In our workshop, we went over a scene where the author and boyfriend were having an argument. They weren’t having just any conversation, the class decided. These two were having The Talk. You know the one: where the relationship is going, or if it’s a relationship at all.
Someone asked, “What were you two doing while you’re having this Very Important Talk?”
The author waited what seemed like five minutes but was probably ten seconds.
“We were taking a shower,” she said.
I felt my eyes widen, embarrassed, but the class wasn’t scandalized. Instead, they got to work.
“What else were you talking about?” someone asked.
“We were talking about moving in together,” she said. The boyfriend wanted to move to Gloversville, a Rust Belt town up north, while the author, the girlfriend, wanted to stay near Albany.
“Okay,” I said. “Can you think of any other details?”
“I was shaving my armpits,” she offered.
Once she gave us one detail, it seemed, the student was willing to tell us everything.
A quiet student spoke up. “What kind of razor were you using?”
“One of those pink disposable razors,” the student recalled.
“So you’re having this momentous conversation, and all the while you’re in this intimate space, and you’re wielding a pink razor,” I said, trying to summarize, all professor-like.
“Plus,” the quiet student said, “you were holding a friggin’ weapon!”
My student, the author, smiled. She was excited to get those details on paper.
I was a brave teacher once. Fucking fearless, in fact. I found myself in spaces, in classes, in conversations and stories where people opened themselves up, and it was a group effort. Our writing improved because we didn’t just share our drafts as a class—we also shared how the process of how our drafts came into being, the inspirations and contexts behind the writing.
At its best, teaching writing is, or was, one of the most electrifying and self-actualizing things I have ever done. Now that it’s gone, I find myself perpetually grieving.
*
Once you’re on the tenure track as a “probationary hire”—the academy’s term, not mine—once you’re working and teaching, you’re living inside an always-on, always-busy culture, the feeling that it’s never enough: never enough feedback to students, never enough time to come up with new courses or new lessons or new programs or events, never enough slots for meetings or make-work committees, never enough time for research or writing.
The year I got my tenure-track job, there were five position listings in my area of creative writing, creative nonfiction.

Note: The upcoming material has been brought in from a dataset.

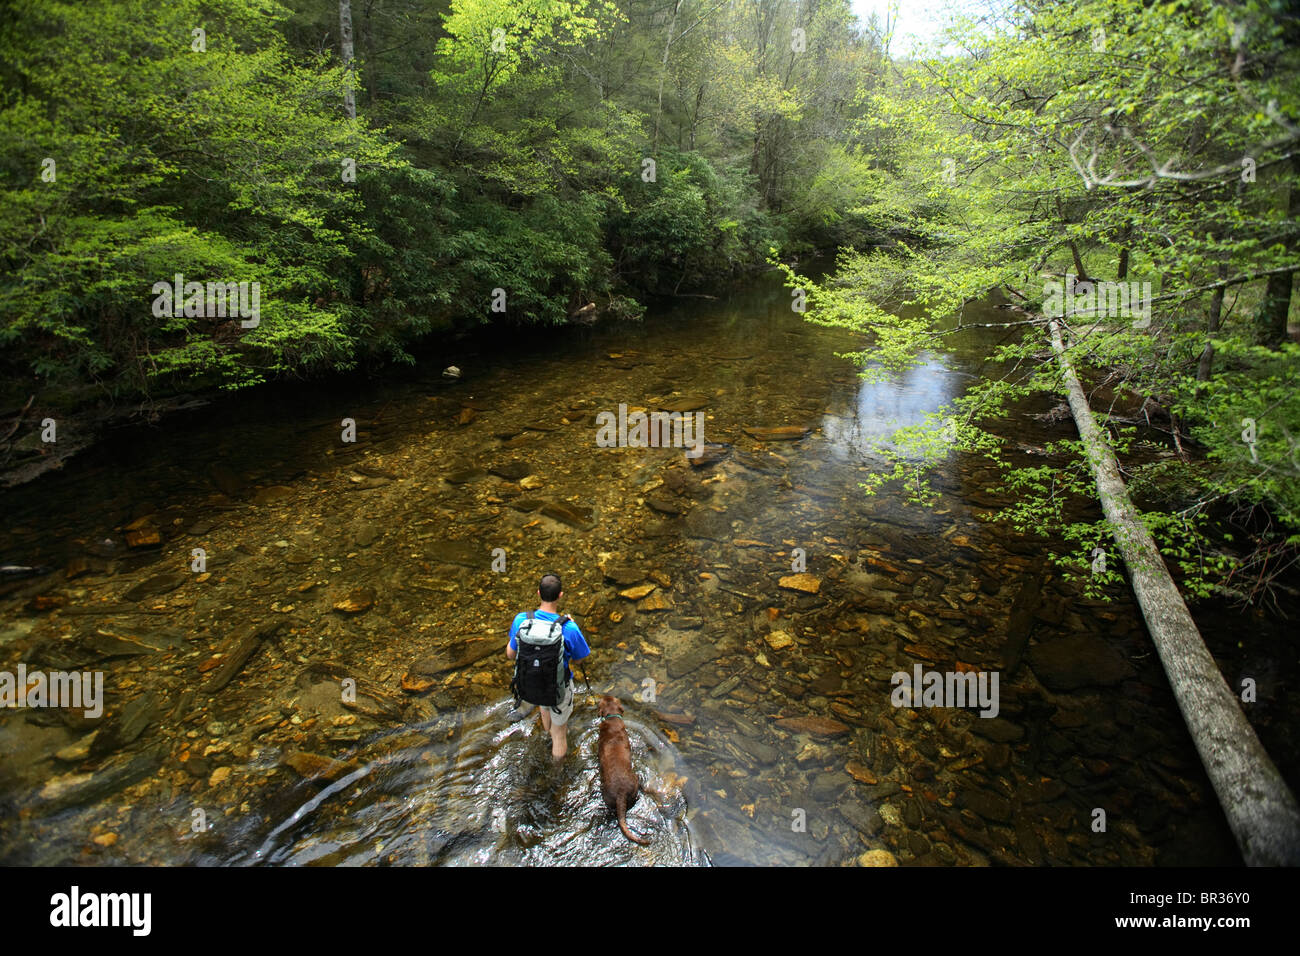 Male backpacker and his dog ford the Davidson River in the Pisgah National Forest near Brevard, NC Stock Photo

Five. In the whole country.
That I got one of those jobs felt like a badge of honor, something to brag about. Then came the stress. Anyone who has a job teaching will tell you that academia means constantly navigating minefields. You’ll find difficult personalities everywhere, but colleges have more than their fair share. Two colleagues in my department were once married and divorced, and I didn’t find this out until my fourth year.